Ivana continued with her presentation by giving the most important considerations for the analysis of an RTGS, starting with the fact that it consumes a lot of cash, liquidity is not free, and delays in payments can be expensive and result in a hoarding of liquidity. She also mentioned that technological innovations like Blockchain do not solve the problem of liquidity, and that cooperation does not happen naturally. For all of this, RTGS systems are complex and difficult to analyze. She also talked about considering network connectivity, that is, how many participants are directly connected, and how liquidity is distributed, since it is surely not optimally distributed.

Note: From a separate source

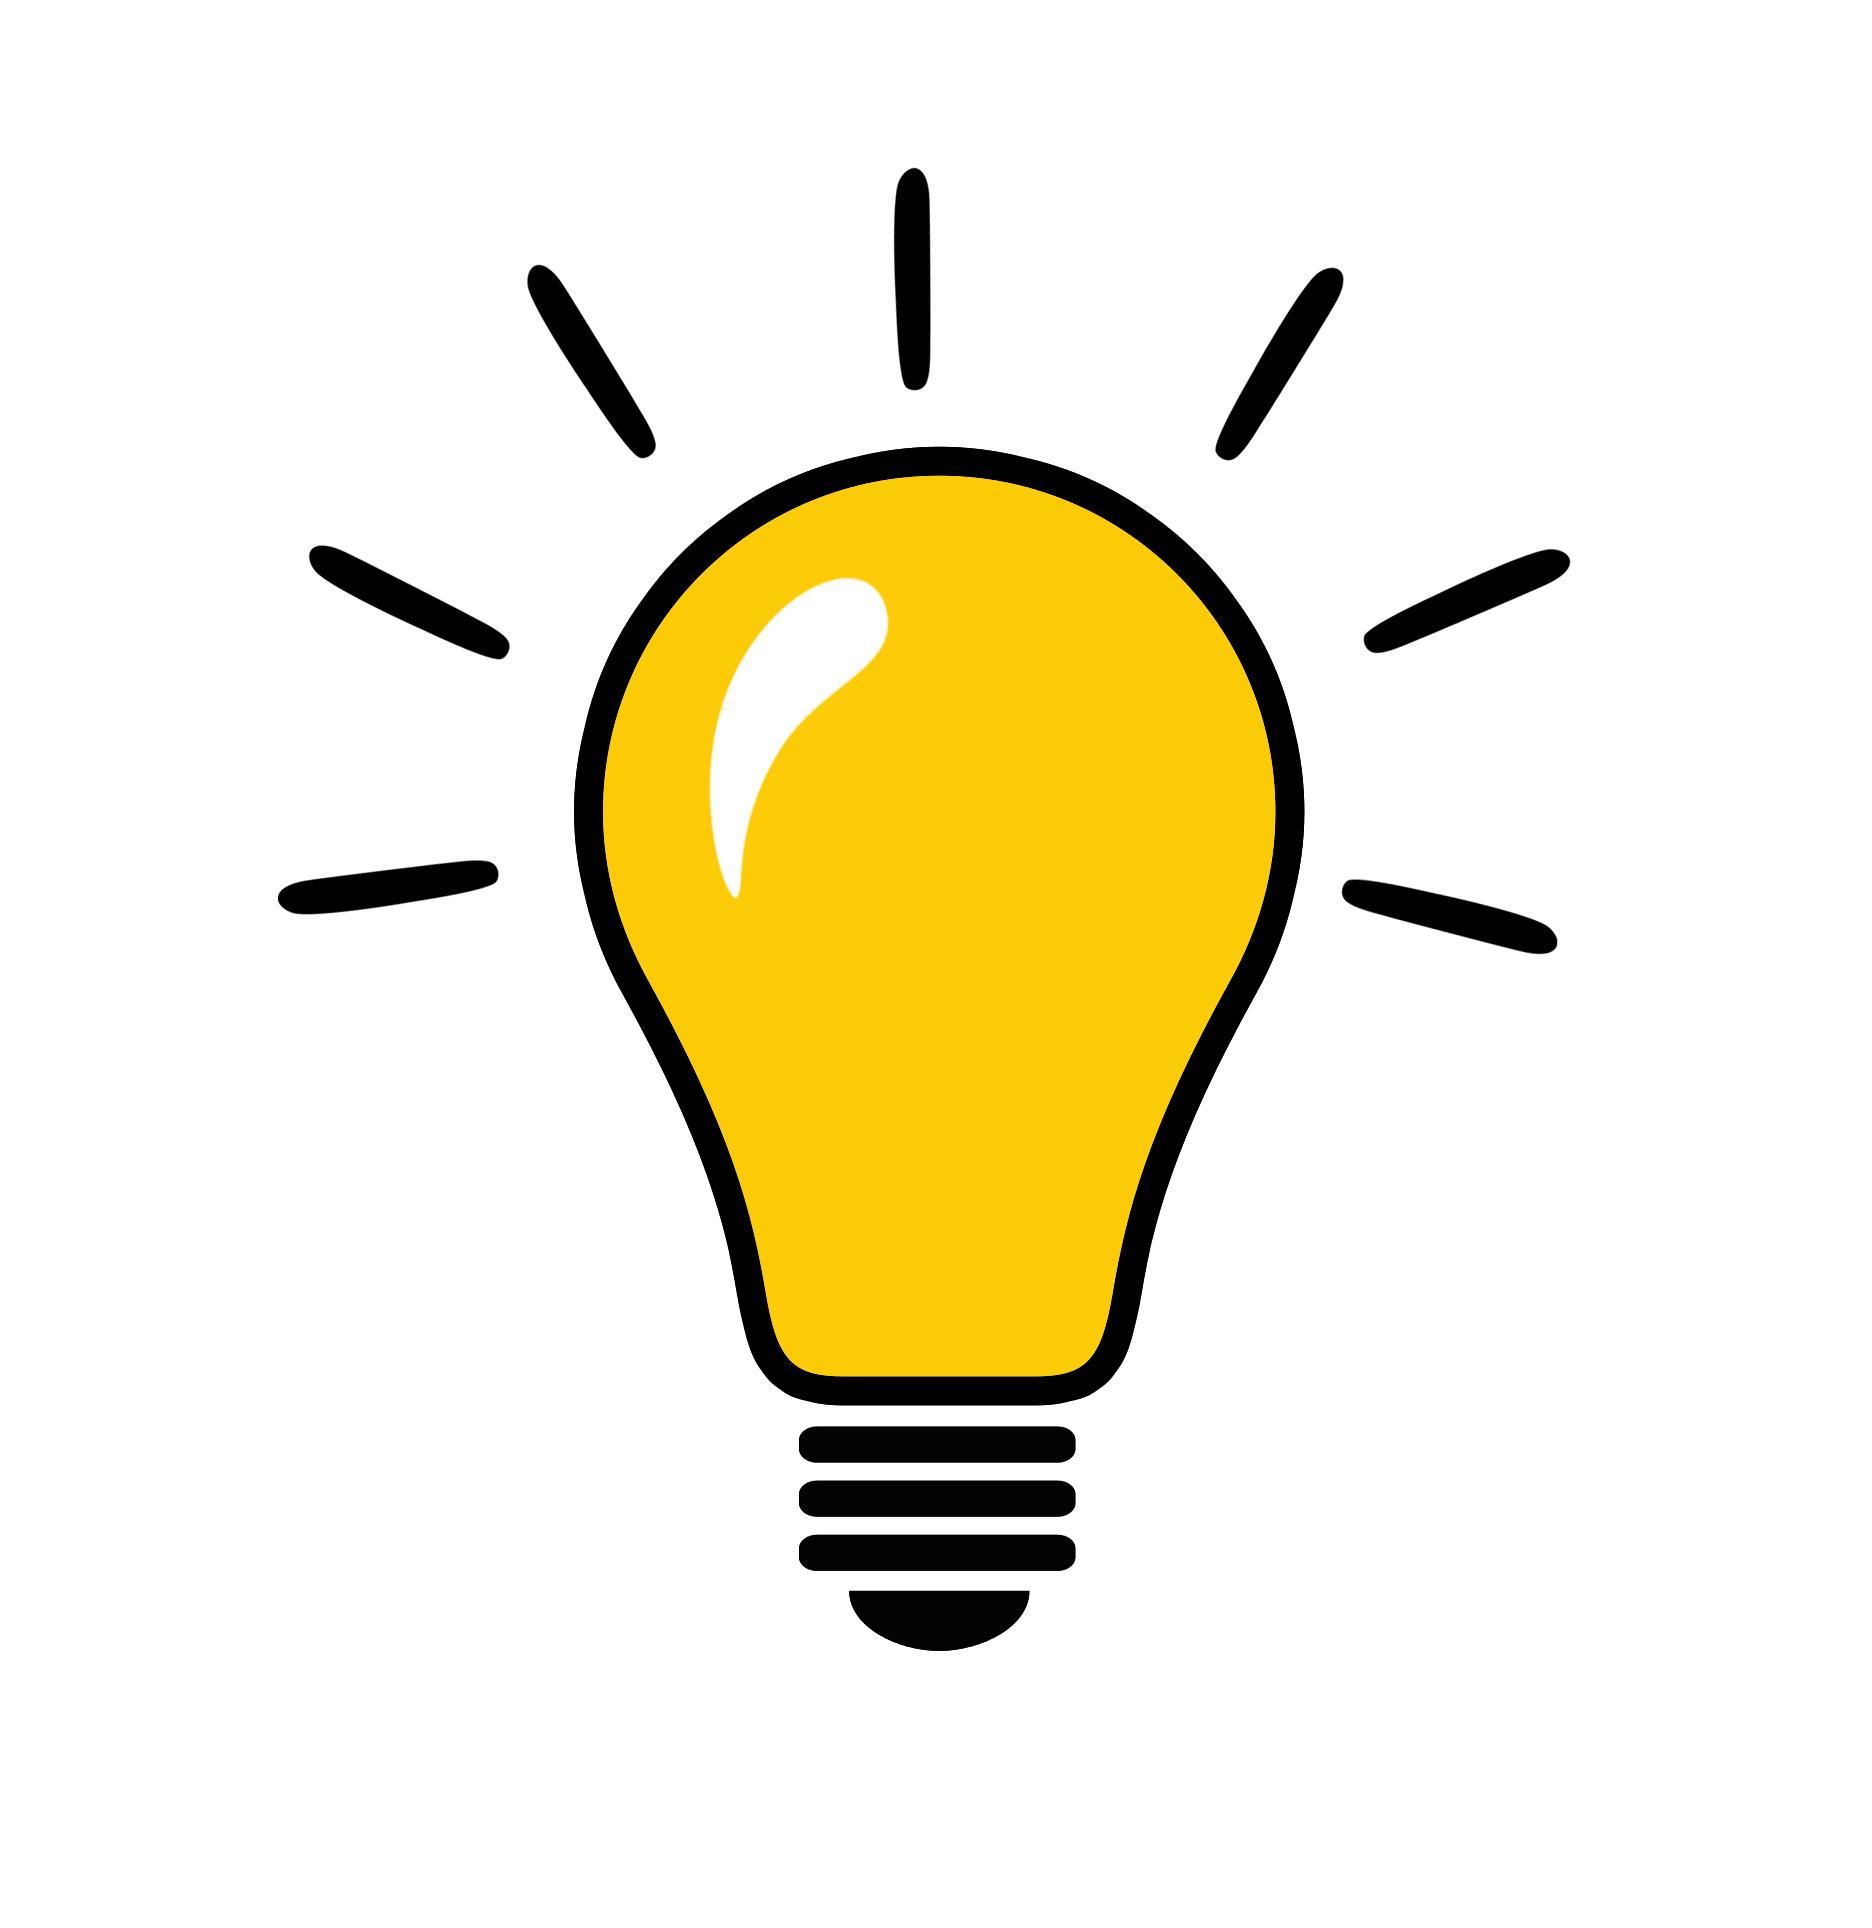 Light bulb ideas, Abstract, New, Innovation, Inspiration, HQ Photo

Hands-on exercise 3. Examples of Alternative Data Analytics through SupTech

This session was given by Katerina Rigana, Fintech Business Designer at FNA, who began by explaining the use case to be analyzed, through the FNA platform. The aim was to study the causal effects of one currency on another, through its connections in the Forex market. She explained that a clustering model was used where the communities to which each node belonged were grouped, and the weight of the link represented the size of the effect they had between them. She then went on to explain how to use the FNA platform to reach the conclusions of the analysis. At the end there was a session of questions about the operation and the results obtained.

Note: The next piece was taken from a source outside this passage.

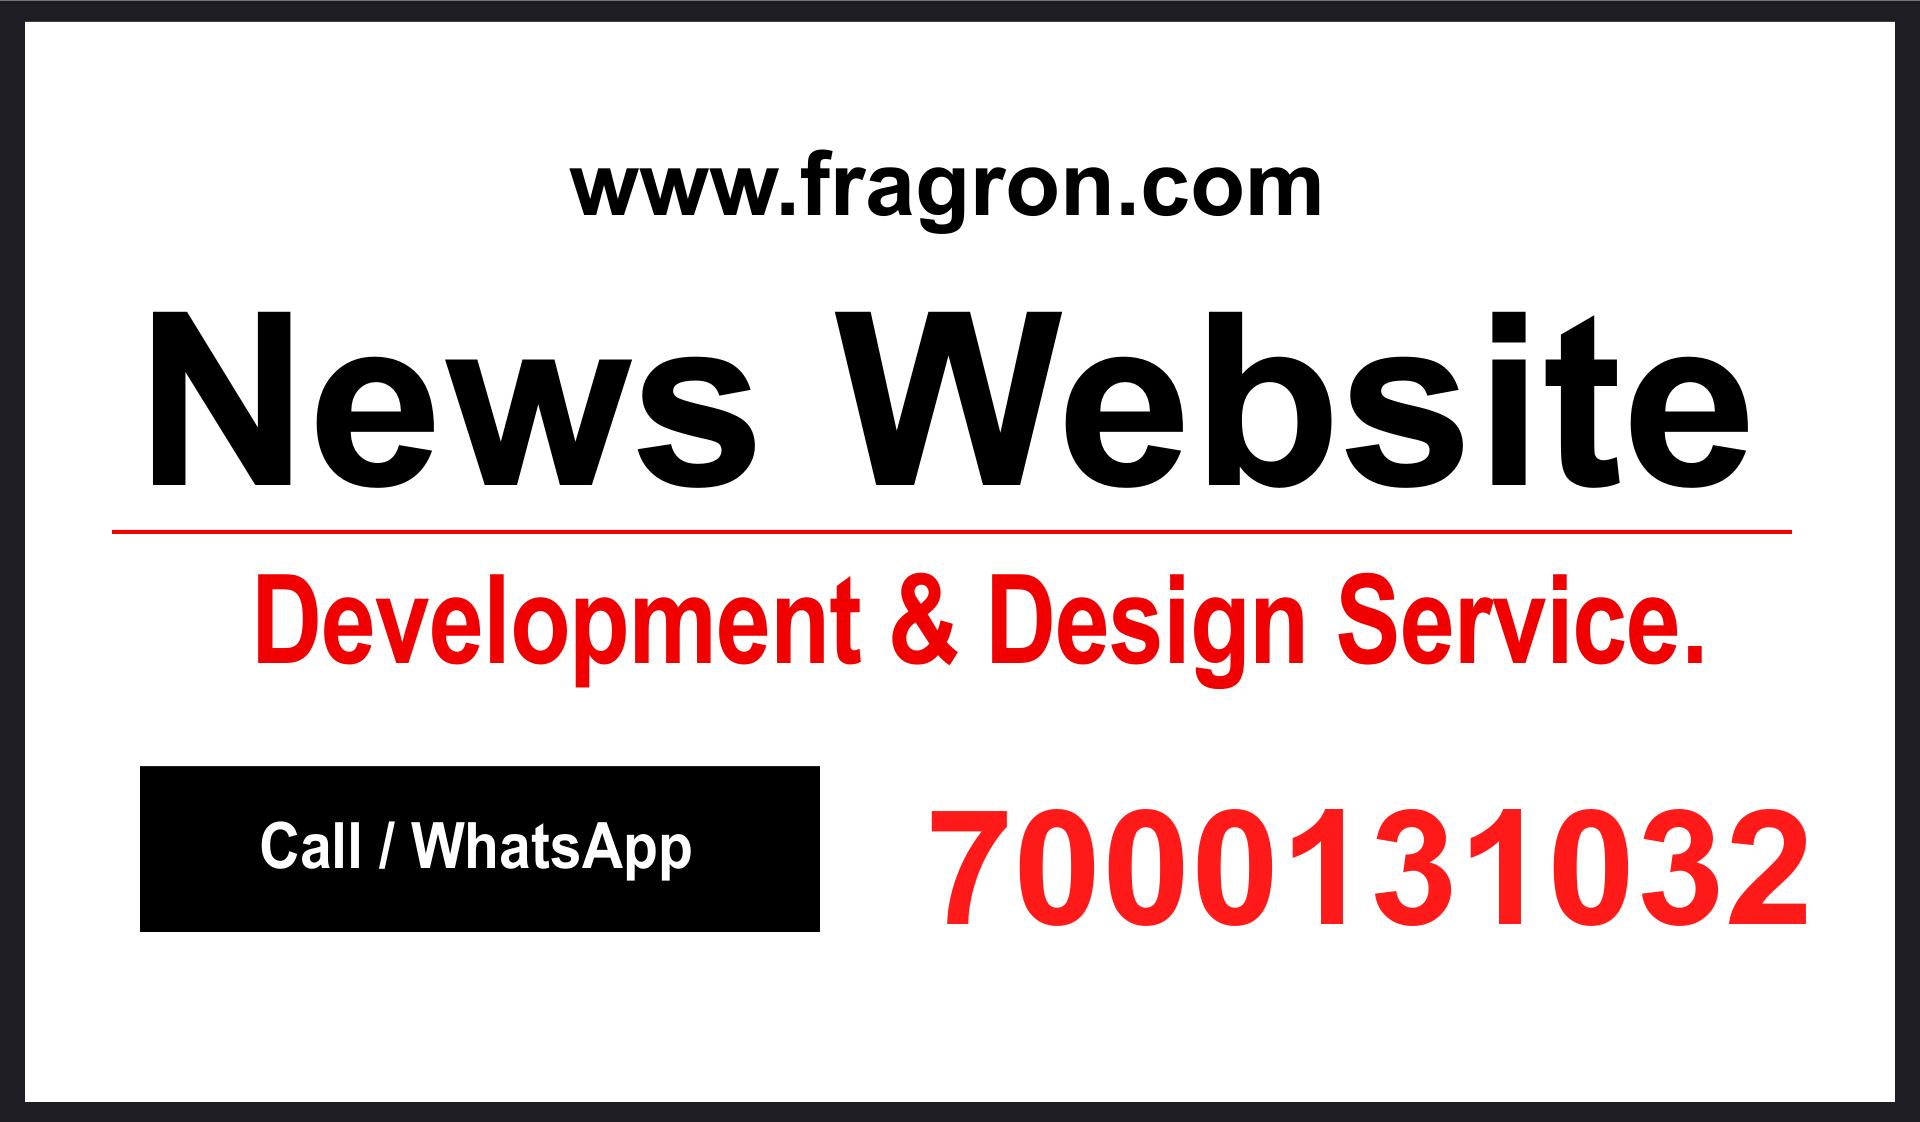 News Website Development and Design service

Remaining resilience during SupTech innovation: How to protect the data in a central bank

The session was delivered by Manit Sahib, former Head of Penetration Testing at the Bank of England and current Director of Global Intelligence at Picnic Security. He began by highlighting the importance and impact of cyberattacks today, and then explained the top 3 attacks, first phishing, usually in emails, then supply chain attacks, where attackers infiltrate through an independent partner of the organization with fewer security measures, and finally ransomware attacks, that prevents users from accessing their information. He highlighted that one in 4 information leaks is due to phishing, and that 62% of intruders in a system enter through the supply chain. Manit also stressed that even large companies are vulnerable, such as Facebook which has been hacked 2 times in recent years.

Then he asked the question of why central banks would be attacked, and gave 4 reasons, first to obtain a monetary gain, then for national espionage, in order to steal information or intellectual property, then to damage the reputation of that bank or country, and finally to make a breach in the economy. Manit gave as an example the central bank of Bangladesh, which suffered losses estimated at more than 81 million. He stressed the importance of being in the front of security issues because attacks are escalating.

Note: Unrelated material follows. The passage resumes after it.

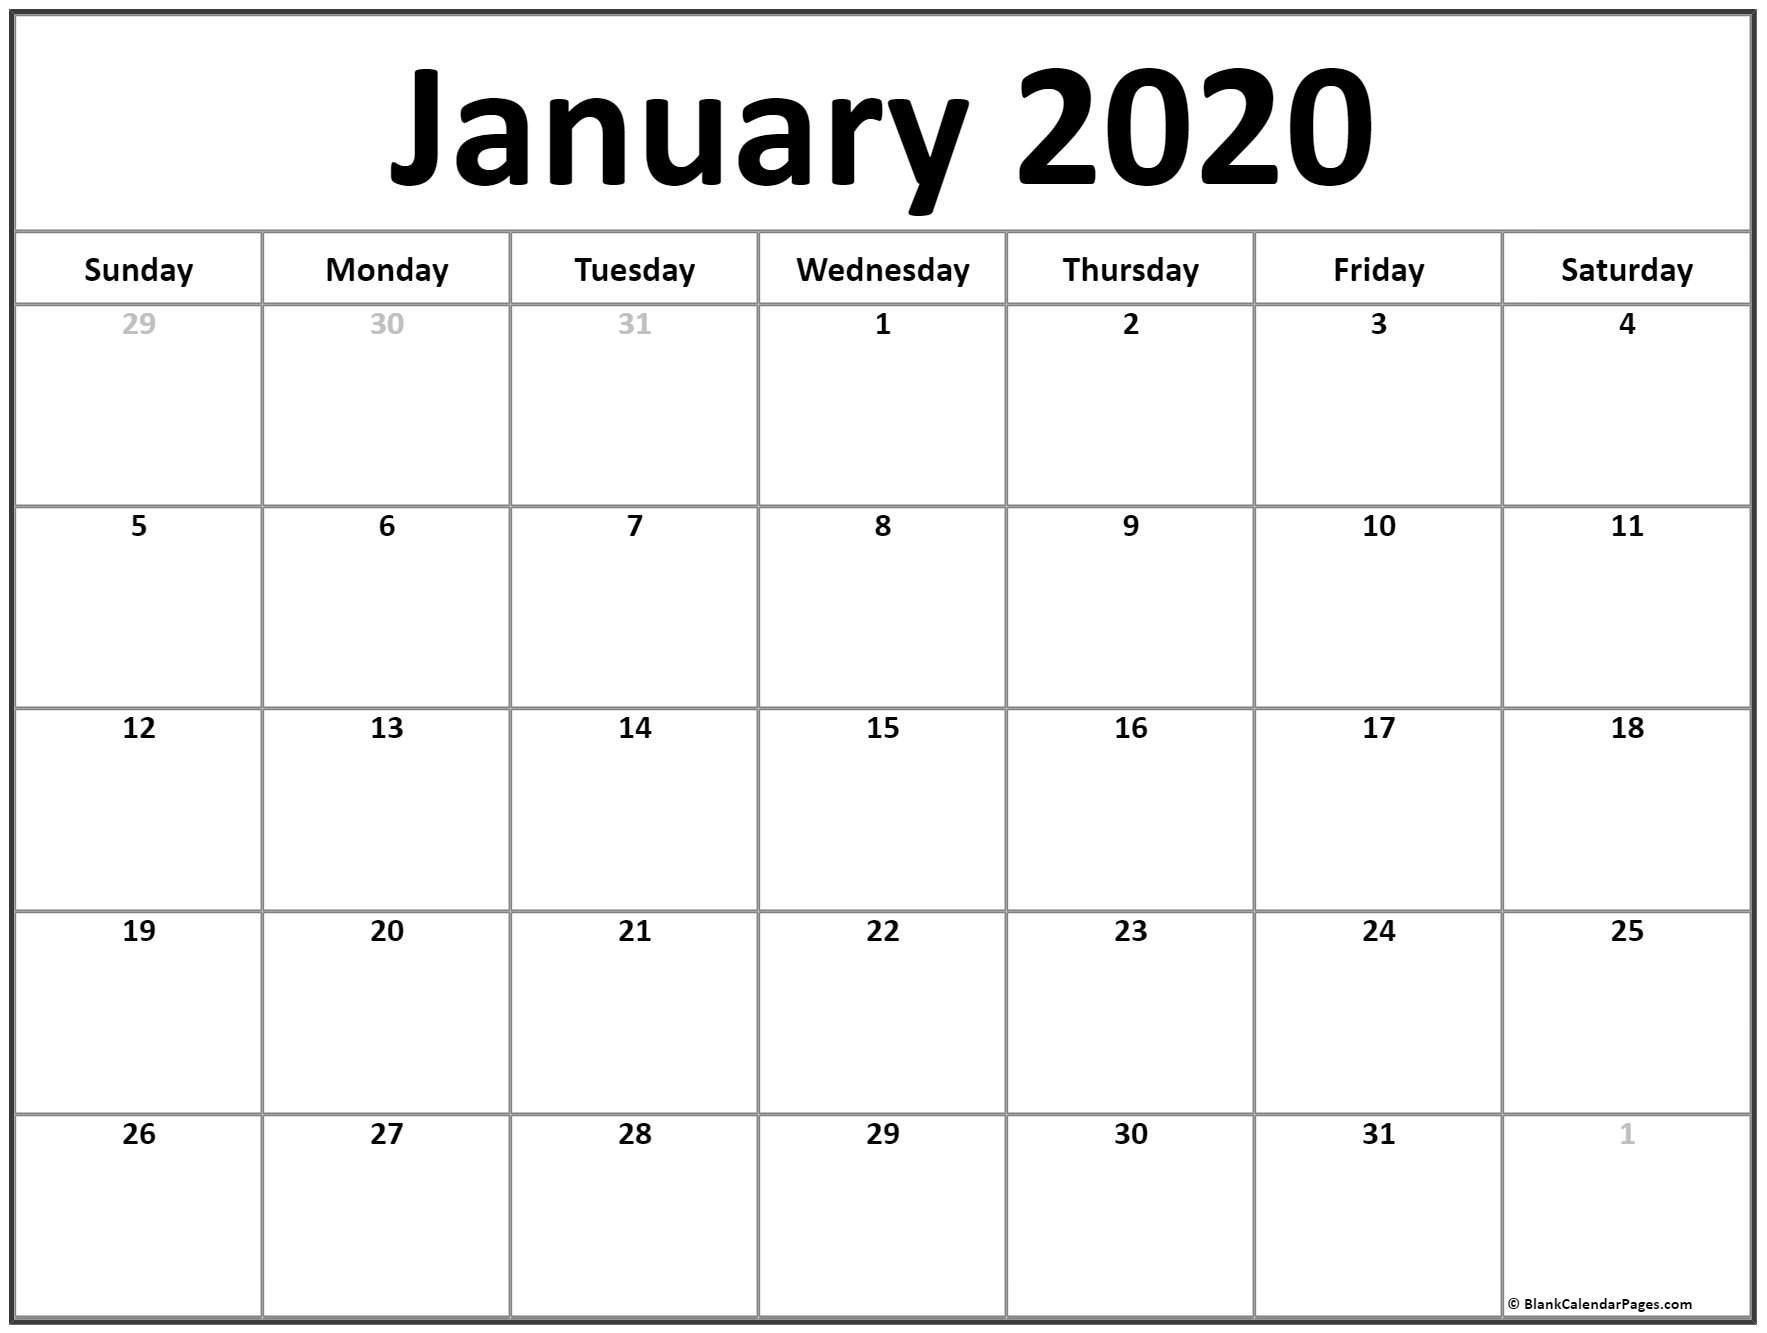 Blank Monthly Calendar Printable 8.5 X 11 | Monthly Free 8 1/2 By 11 Blank Calendar

He then gave an outline of how to build cyber resilience, starting with knowing what an attack can do, how to respond and how to recover, all applied to the bank's people, processes and technology. The Bank of England made a framework for smart cybersecurity testing, called CBEST, that tests the cyber resilience of firms' business services and copy the actions of attackers, to better understand weaknesses and vulnerabilities, so the company can take action. Manit stressed that each company acts differently, so it will be attacked differently. Potential attackers range from an inexperienced person, to an activist, then organized crime and finally a nation-state. Central banks are attacked by the latter two.

Within the discussion with the participants, it was mentioned that it is not possible to protect yourself with regulations or sanctions effectively, since attacks can come from anywhere in the world. He also spoke of the motives, explaining that they vary depending on where they come from, for example they may come from a country that tries to spy and steal information or resources, or for example from North Korea where the motivations are exclusively monetary.


End of the event

Dr. Isela-Elizabeth Téllez-León, Director of Financial Markets Infrastructures, CEMLA

Dr. Elizabeth Téllez gave the closing speech, thanking the participation of both the panelists and the attendees.